The key to any financial asset management system is an asset register, usually with functionality built around the records in that register. Some help desk systems have asset registers, although they rarely give the functionality and accessibility required to effectively manage assets. Low cost asset registers mostly do not give the flexibility to configure their application as needed.

If you are looking for a financial asset management system, make sure that you pick the one with features that will jive with the needs of your company. Go with financial asset management systems  that has the following attributes.

  • A simple asset register to assist with corporate governance
  • Asset KPI reports and asset performance reporting
  • Asset lifestyle management
  • Financial asset management and depreciation calculation
  • Keeping machinery maintained with planned maintenance
  • Tagging and periodically barcoding scanning assets to ensure correct inventory

If you are a company that will usually gain all of the financial asset management system benefits above that are relevant to them, and the following unexpected financial asset management system benefits will usually apply.

  • Easy reporting on elements of the inventory by different classifications
  • Reuse and visibility of assets placed in storage
  • Visibility of the reliability of assets by user, model and manufacturer
  • Reduction in asset purchase costs via reuse and price comparison
  • Asset register automatically kept up to date via integration to other systems
  • Other systems kept up to date via integration with the asset manager software
  • Email alerts on important events like capital acquisitions and disposals
  • Help desk that instantly attach an asset to an incident to facilitate quick resolution

 

 

post trade processing

Comparing Investment Accounting Software Packages

The investment accounting software package that you select can have a significant on your organization. Some investment accounting software packages are simple while others are complex and involve many users with different access levels to data. Whatever the size of your business, your investment accounting software should give you a way to record transactions and get a better understanding of your business operations.

Assess your needs. Put together a committee that is made up of members of various departments with no more than 7 members. Have every member analyze the needs of their department. Analyze how these tasks are done and come up with plans to show how its efficiency can be increased with an improved accounting system. If you do not have the time or manpower to do so, consider hiring an independent consultant to assess your business and give an investment accounting software package recommendation.

Understand the kinds of accounting software packages. Entry level investment accounting software is for smaller companies with $5 million in sales or less. Companies with sales no more than $100 million and not more than 100 employees usually use small to medium business software. Companies with higher numbers use small to medium enterprise accounting software. Enterprise resource planning software is used by big companies with no more than $500 million sales and 500 employees.

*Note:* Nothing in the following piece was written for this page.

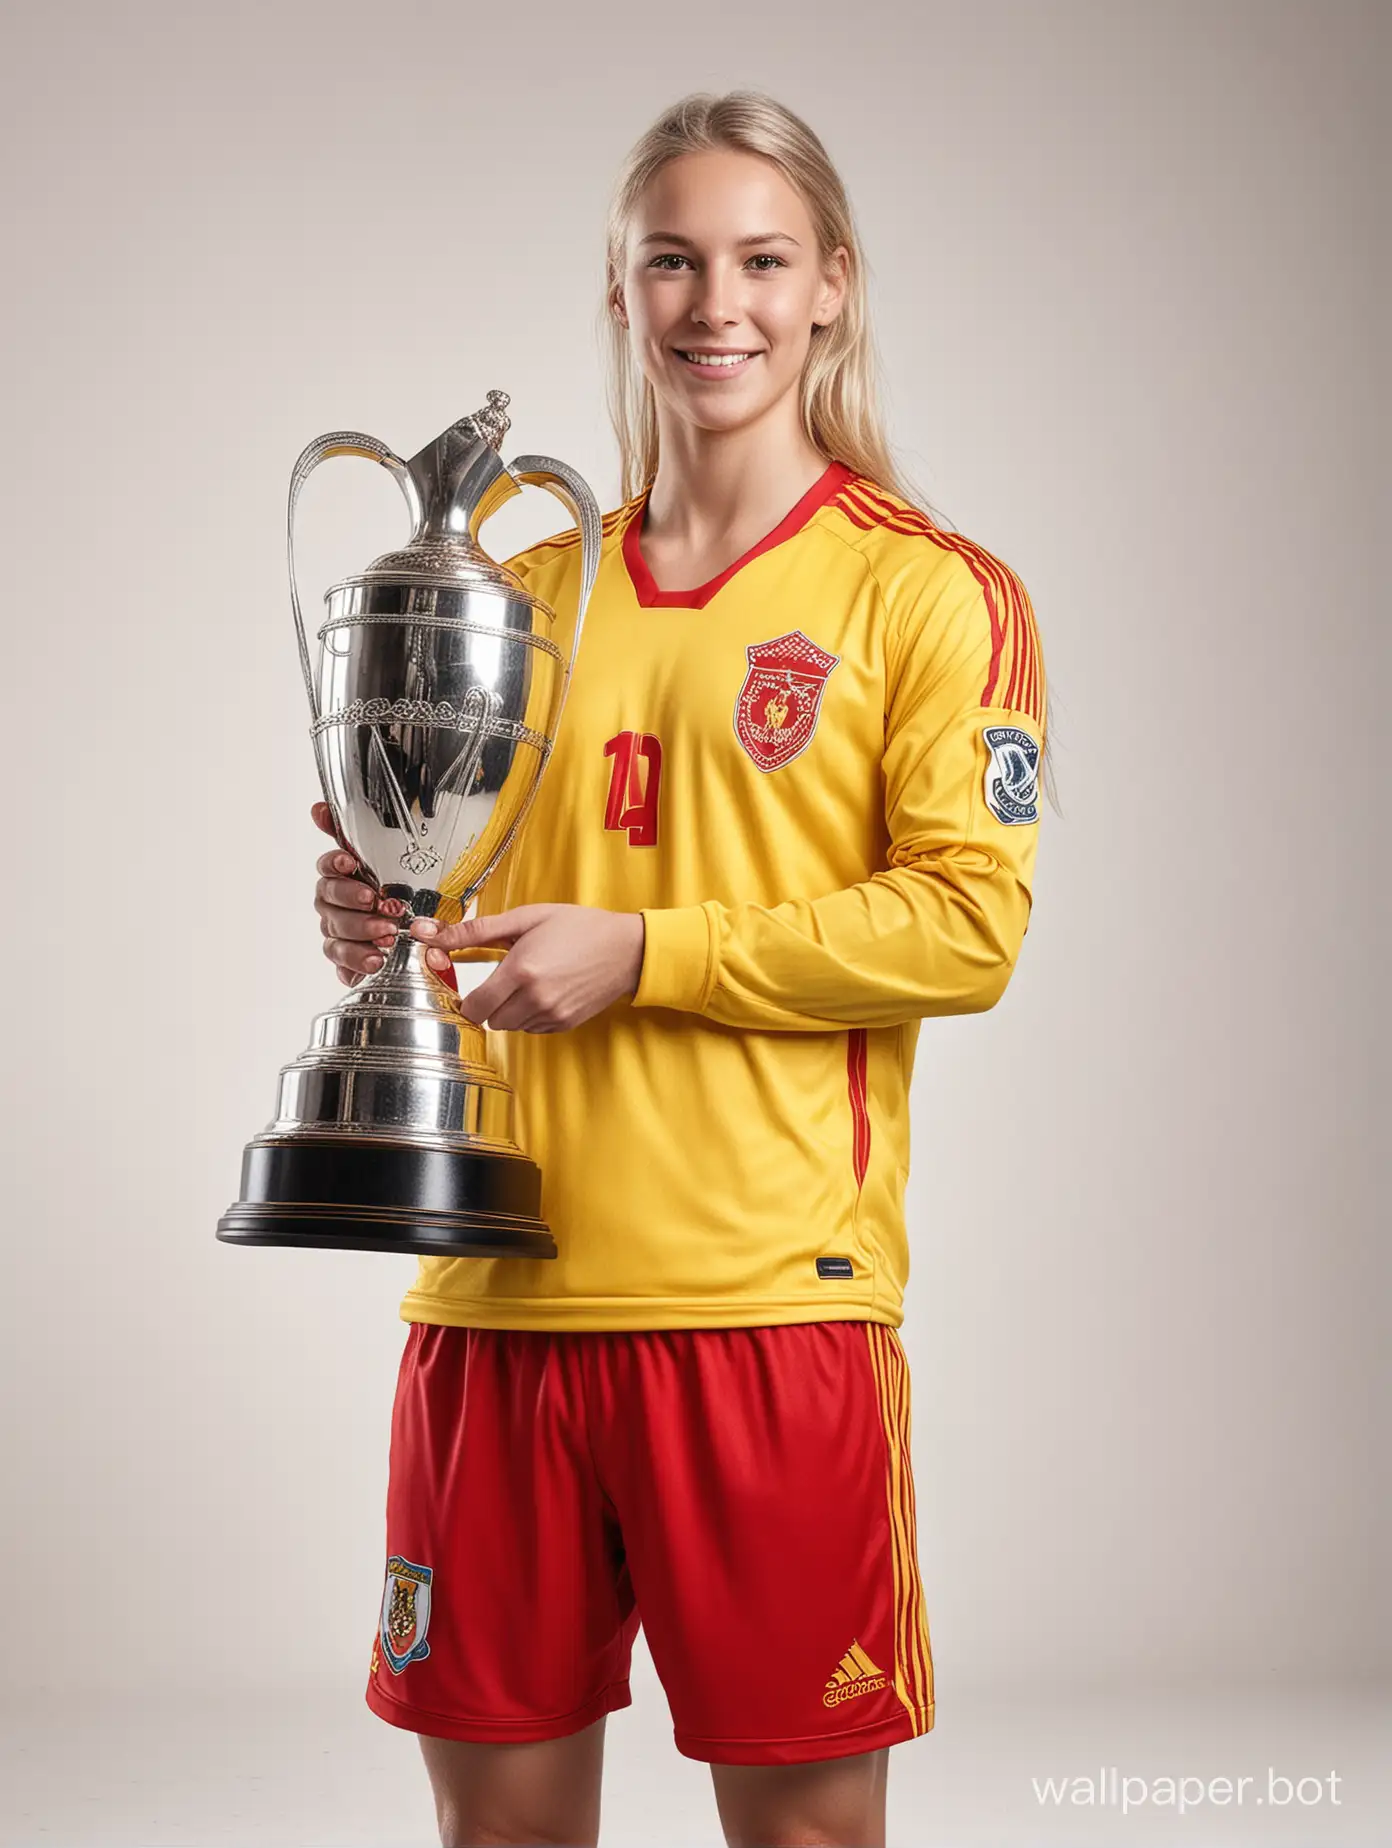 soccer player in bright red and yellow uniform holding a trophy blond Dane photo high resolution unique detail masterpiece white background studio photo

Compare pricing. Entry level investment accounting software can cost between $100 and $2,500 while large companies can pay up to $250,000 and up for an accounting software package. Pricing should not be the most important concern, though. Rather, it should be to ensure that the accounting software package meets the demands of the organization.

Schedule on-site demonstrations. Vendors should be more than happy to let you and other decision makers to test drive the investment accounting software. Discuss how the software can be implemented and integrated into your business. Ask the vendors about installation times and any system requirements for compatibility.

Review the legal consequences. When making a big investment in an investment accounting software package, have your attorney go through the contracts to protect your best interest. Language should be stated in the contract regarding your recourse of the software does not work. Note the cost of maintenance and upgrades to your software.